The picture he pulled from the Ziploc bag floats in my mind like a grayscale emblem of guilt. I’ve placed the photo now. It ran in several major newspapers two years ago, when I won the North American Press Association Award. Wingate must have accessed some database that contained that picture, printed it on photo-quality paper, and sent it to the UNSUB in New Orleans.
“Do you want to talk about it?” John reaches out and touches my knee.
“I don’t know.”
“I know what you’re thinking, Jordan. A little survivor guilt is normal, but this is crazy. You’re forcing everything to fit a predetermined result. And the result you’re reaching for is that Jane died because of you. I don’t know why you want to feel that guilt, but that’s not what happened.”
I squeeze the wheel, trying to control my temper. “I don’t want that guilt.”
“I’m glad.

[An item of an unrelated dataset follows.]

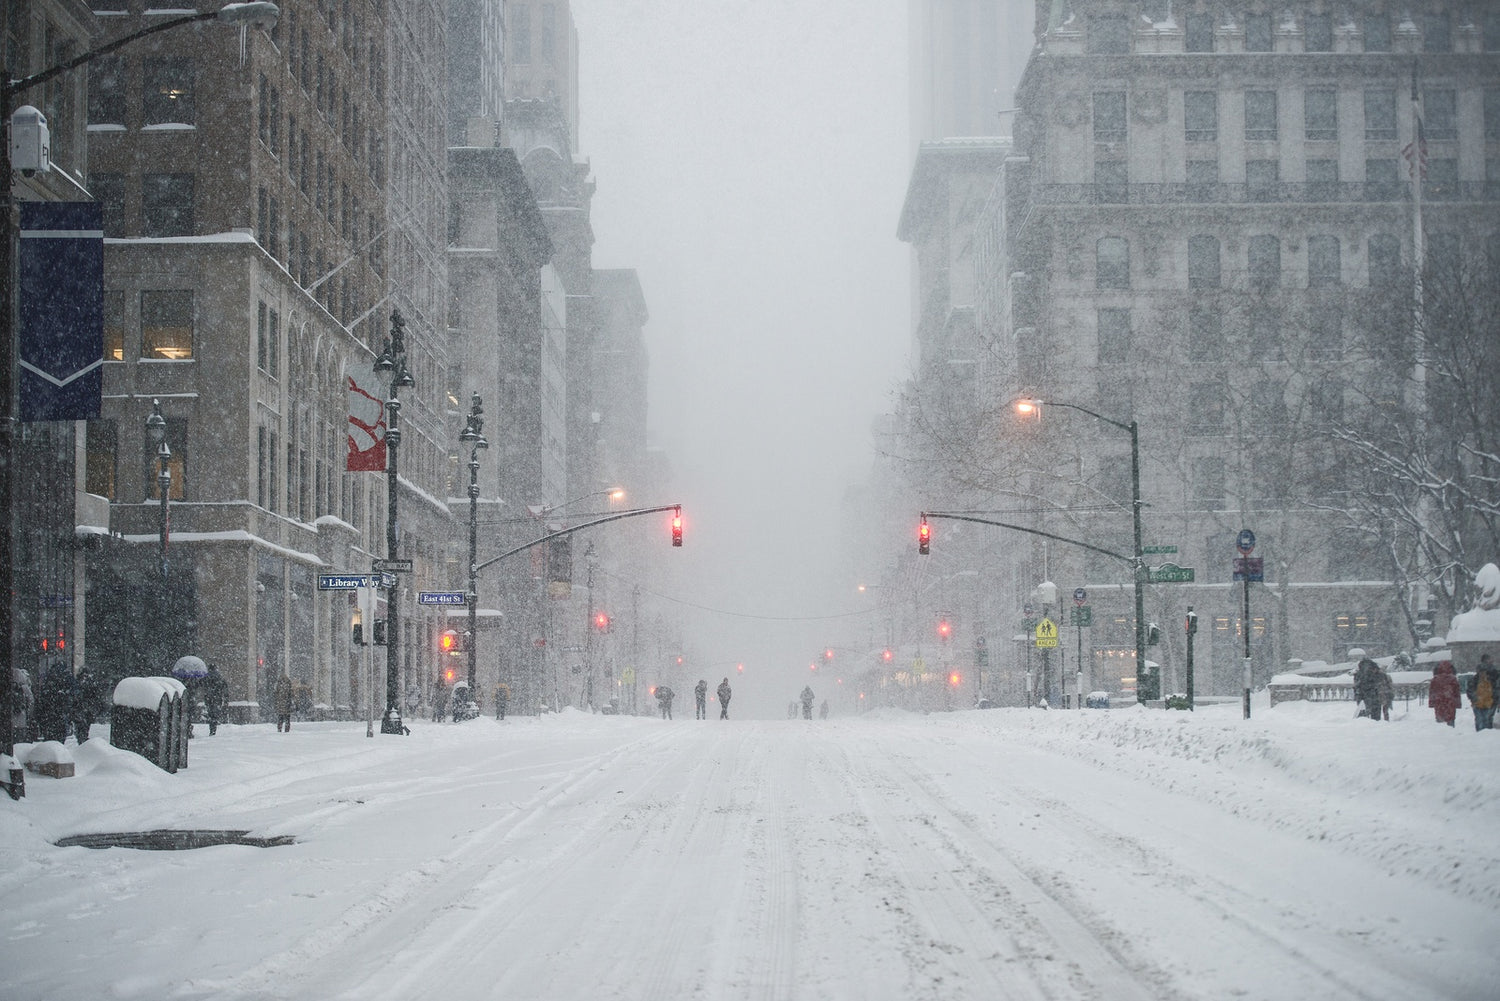 How to Ready Employees and Customers for Winter-Related Downtime

Because that would be really fucked up.”
I grip the wheel still harder to bleed off my exasperation, but it does no good. “Will you call and see if they’ve compared the handwriting? If it’s not Wingate’s, I’ll admit I’m being paranoid. But if it is, we’ll know Wingate mailed or gave the UNSUB my picture.”
John takes out his cell phone, calls the field office, and asks for the forensic unit. “Jenny, John Kaiser. Have you guys heard from New York on that handwriting yet?… What did they say?… I see. One hundred percent sure?… Right. Thanks.” He presses End, then lets his head fall forward and sighs.
“What is it?”
“The phone number on your photo was in Wingate’s handwriting.”

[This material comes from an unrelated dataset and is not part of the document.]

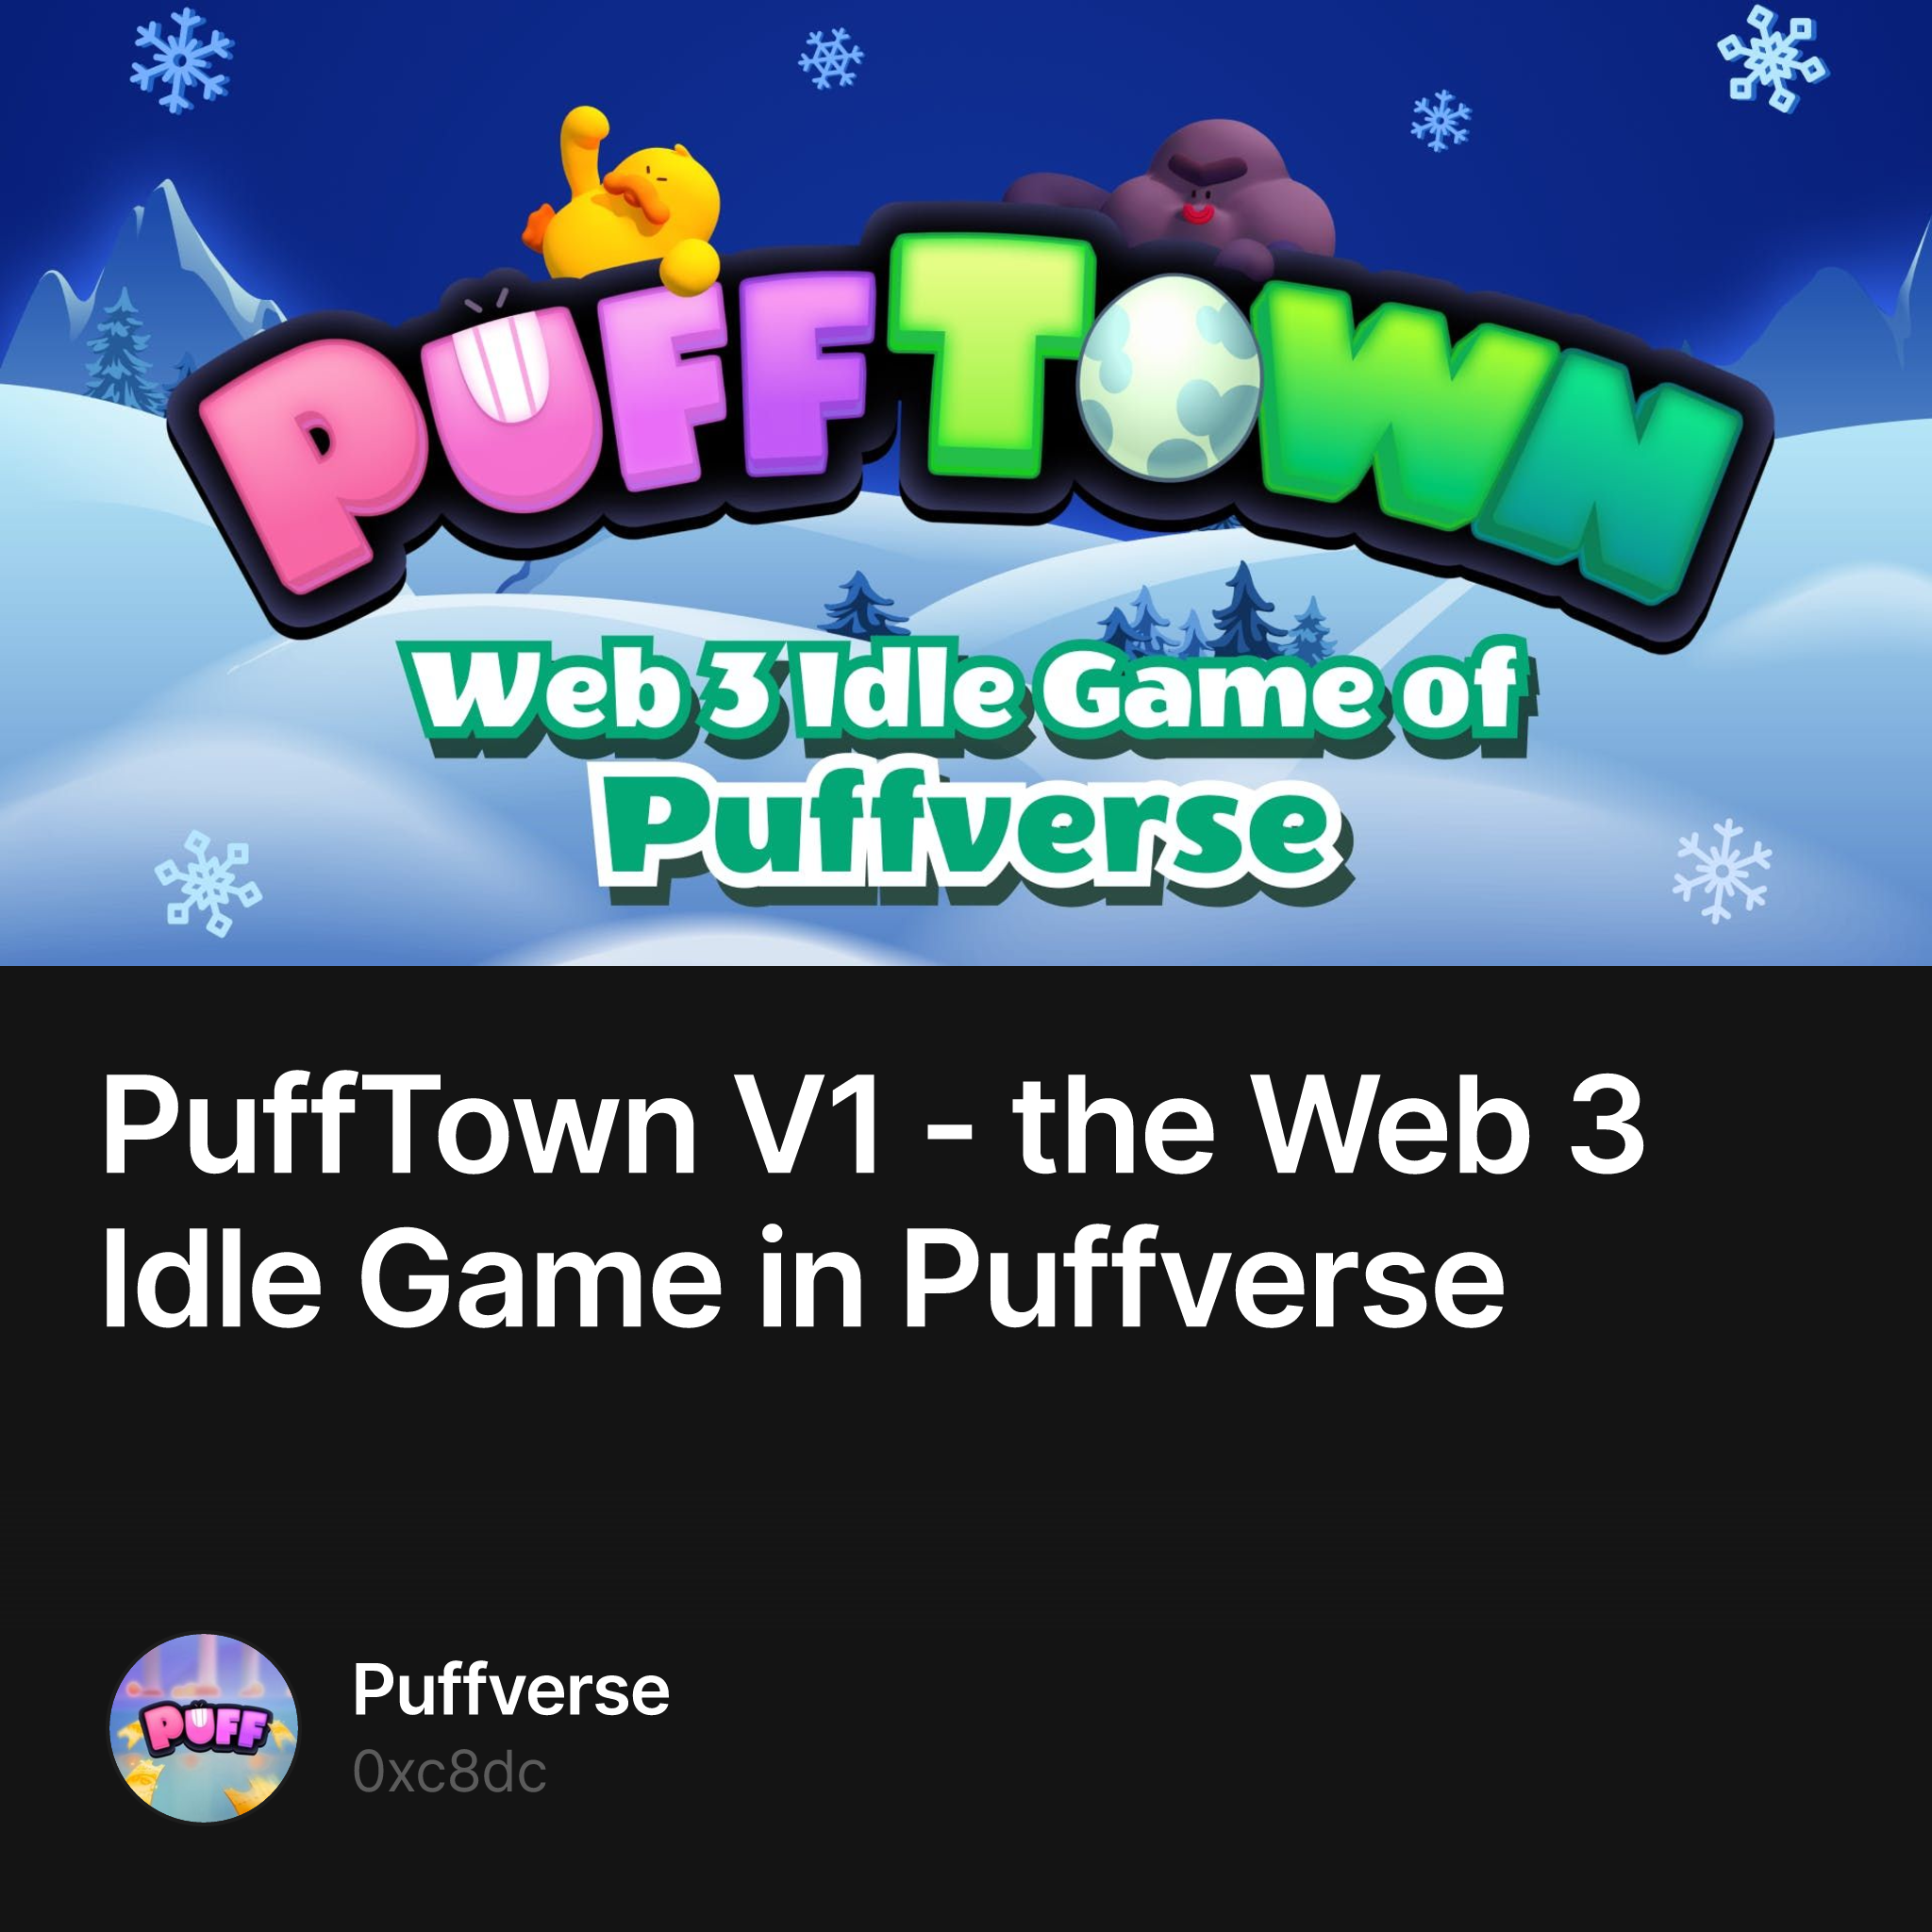 The Launch of PuffTown V1 and Puffverse Overview

My stomach goes hollow, and I slam the wheel with my open hand. “There it is. Somebody outside New Orleans chose me as victim number five, and it got Jane killed.”
He bites his lower lip and shakes his head. “If I had to pick someone, I’d pick Marcel de Becque.”
“What if he ordered me, John? The way you’d commission any painting? He’s known who I am for years. He tells Wingate he wants me in the next painting, but since I’m traveling all the time, Wingate finds an easy way to supply what de Becque wants. He takes Jane instead.”
“There’s one big hole in that theory.”
“That de Becque didn’t have Jane’s painting? That’s easy. Wingate sold it out from under him. That’s the source of their bad blood.”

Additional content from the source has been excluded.